Personal information
- Full name: Anthony Ridler
- Born: 21 January 1954 Newport, Wales
- Died: 16 January 2015 (aged 60) Newport, Wales

Darts information
- Playing darts since: 1969
- Laterality: Right-handed

Organisation (see split in darts)
- BDO: 1977–1983
- PDC: 2006

WDF major events – best performances
- World Championship: Last 16: 1983
- World Masters: 3rd Place: 1977

Other tournament wins
- Tournament: Years
- Warwickshire Open: 1977

= Tony Ridler =

Welsh darts player (1954–2015)

Anthony Ridler (21 January 1954 – 16 January 2015) was a Welsh professional darts player who competed in the 1970s and 1980s. However, he made comebacks in 1997 and also in 2006.

== Achievements ==
Ridler was born in Newport, Monmouthshire. He was one of the Welsh players who showed promise during the 1970s by winning the 1973 CIU (Club and Institute Union) Individual and the 1977 Warwickshire Open. He reached the semi-finals of the 1977 Winmau World Masters and was runner-up in the 1979 British Gold Cup (to John Lowe) and British Open pairs in 1980.
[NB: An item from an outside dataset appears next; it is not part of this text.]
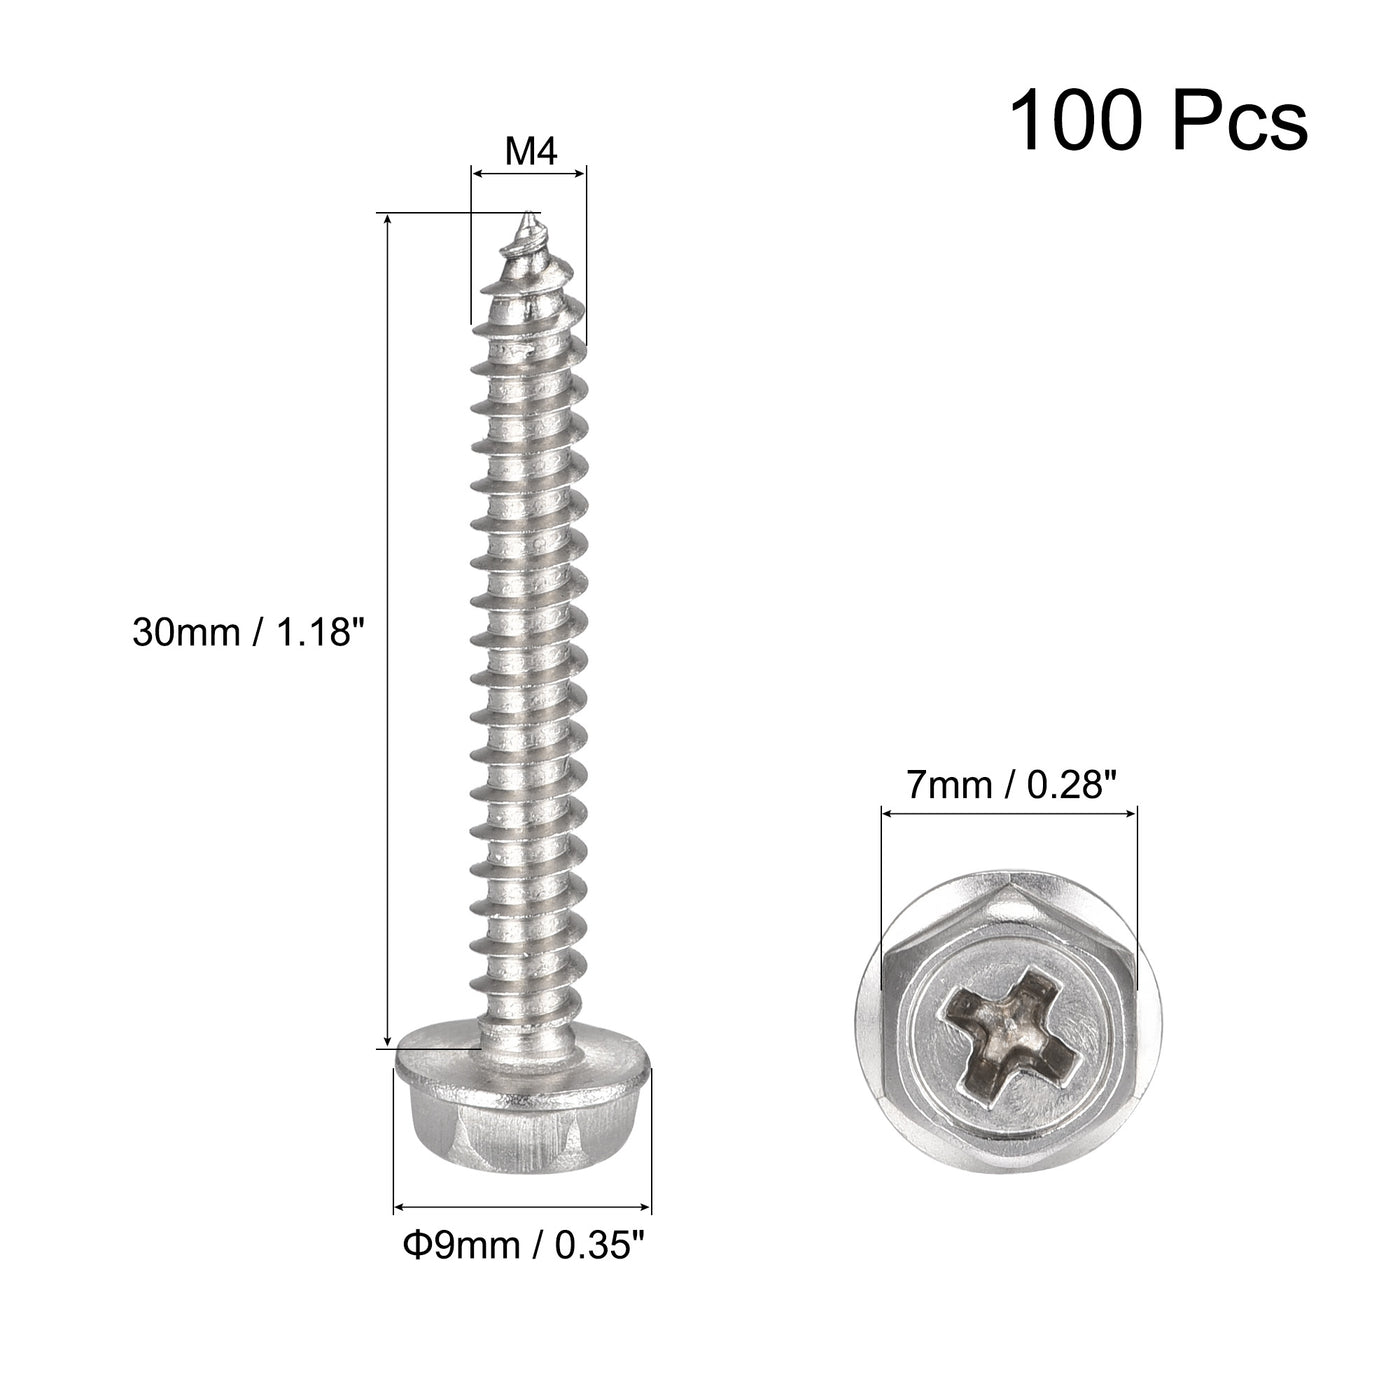 uxcell Uxcell Phillips Hex Washer Self Tapping Screws, M4 x 30mm 304 Stainless Steel Hex Flange Sheet Metal Screw 100pcs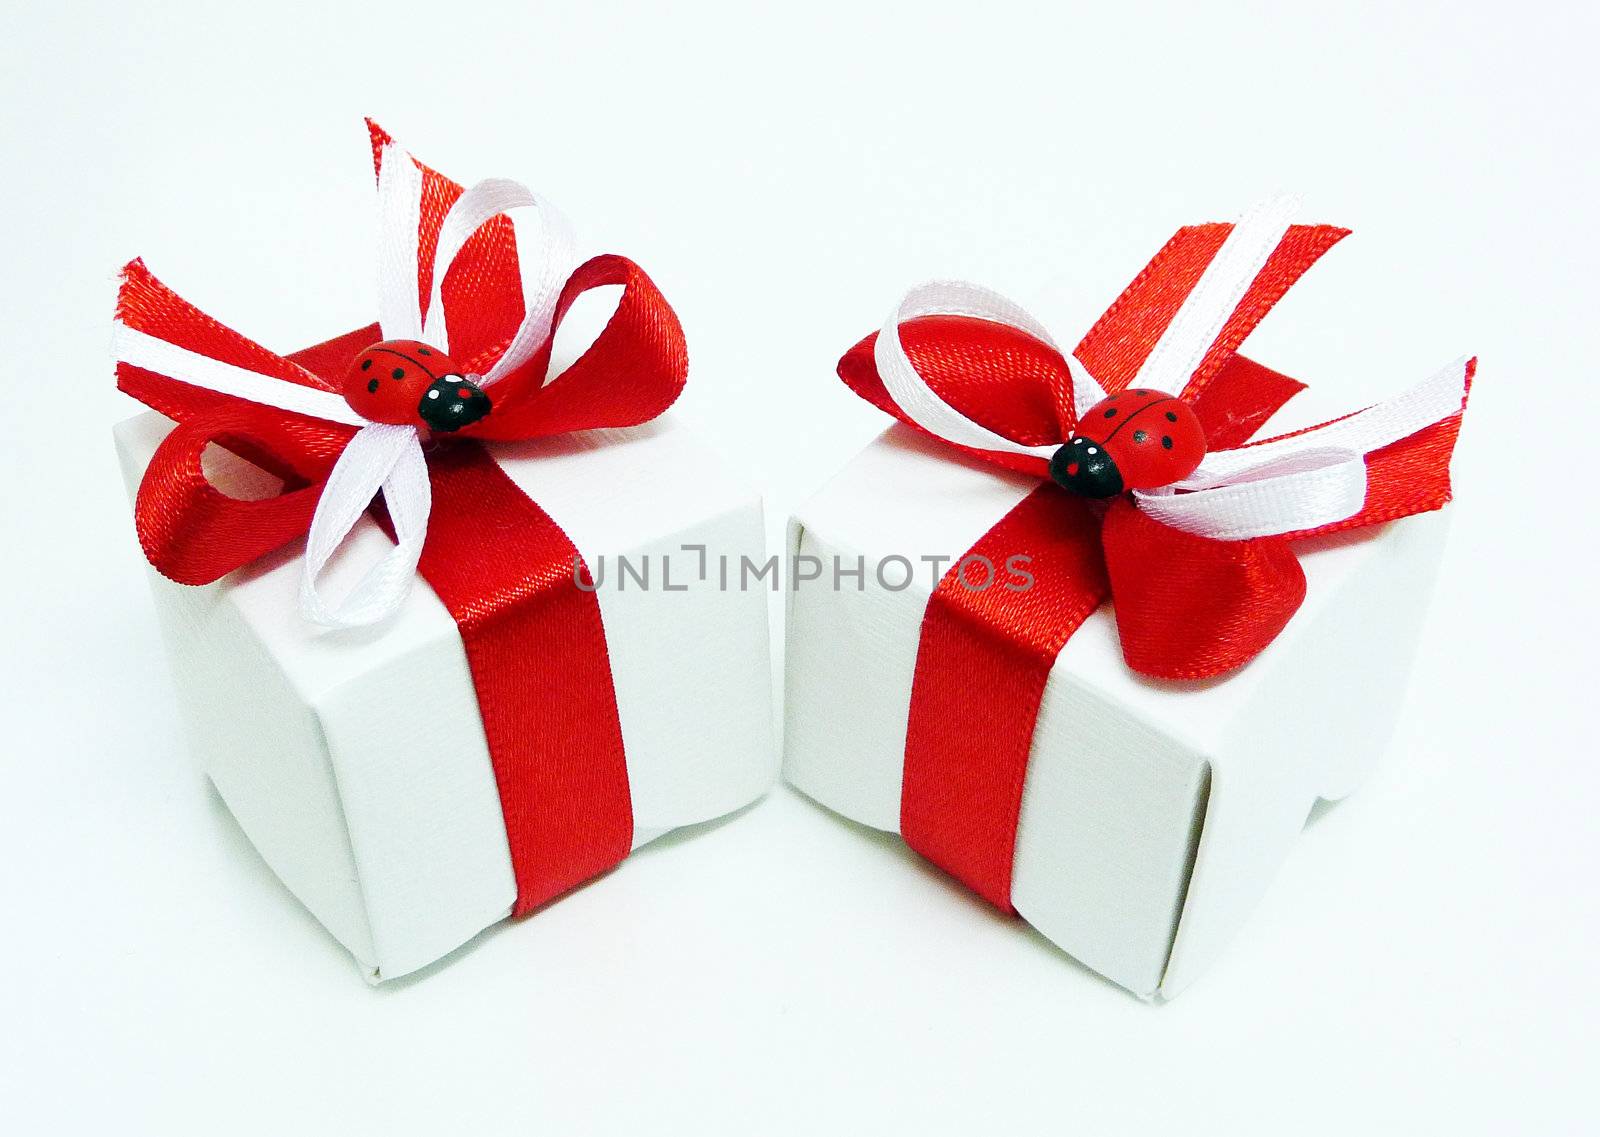 White gift boxes with red ribbons and ladybugs

However, as darts began to become more popular during the 1980s, Ridler faded from the scene and wasn't able to make an impact on the game. He only made one appearance at the World Championship in the 1983 event and won his first round match against the Dane, Finn Jensen but was defeated in the second round by Dave Whitcombe.

Ridler's first comeback in 1997 saw him reaching the last 32 of the revived News of the World Darts Championship and also reaching the last 16 of the World Matchplay Last 40 to Gerome Vardaro 1-6 wins to Last 32 to Gerald Verrier 5-8 and lost to Last 16 Peter Evison by 5-8. The last event in which he featured in the later stages was at a PDC UK Open regional qualifier in 2006 when he lost in the early stages to Andy Hamilton.

Ridler played with an unusual throwing action which saw him throw his darts almost from the tip of his nose. Ridler's son, Tony had a darts career from 2004 to 2006, which saw him winning the category 1 WDF-run Welsh Open.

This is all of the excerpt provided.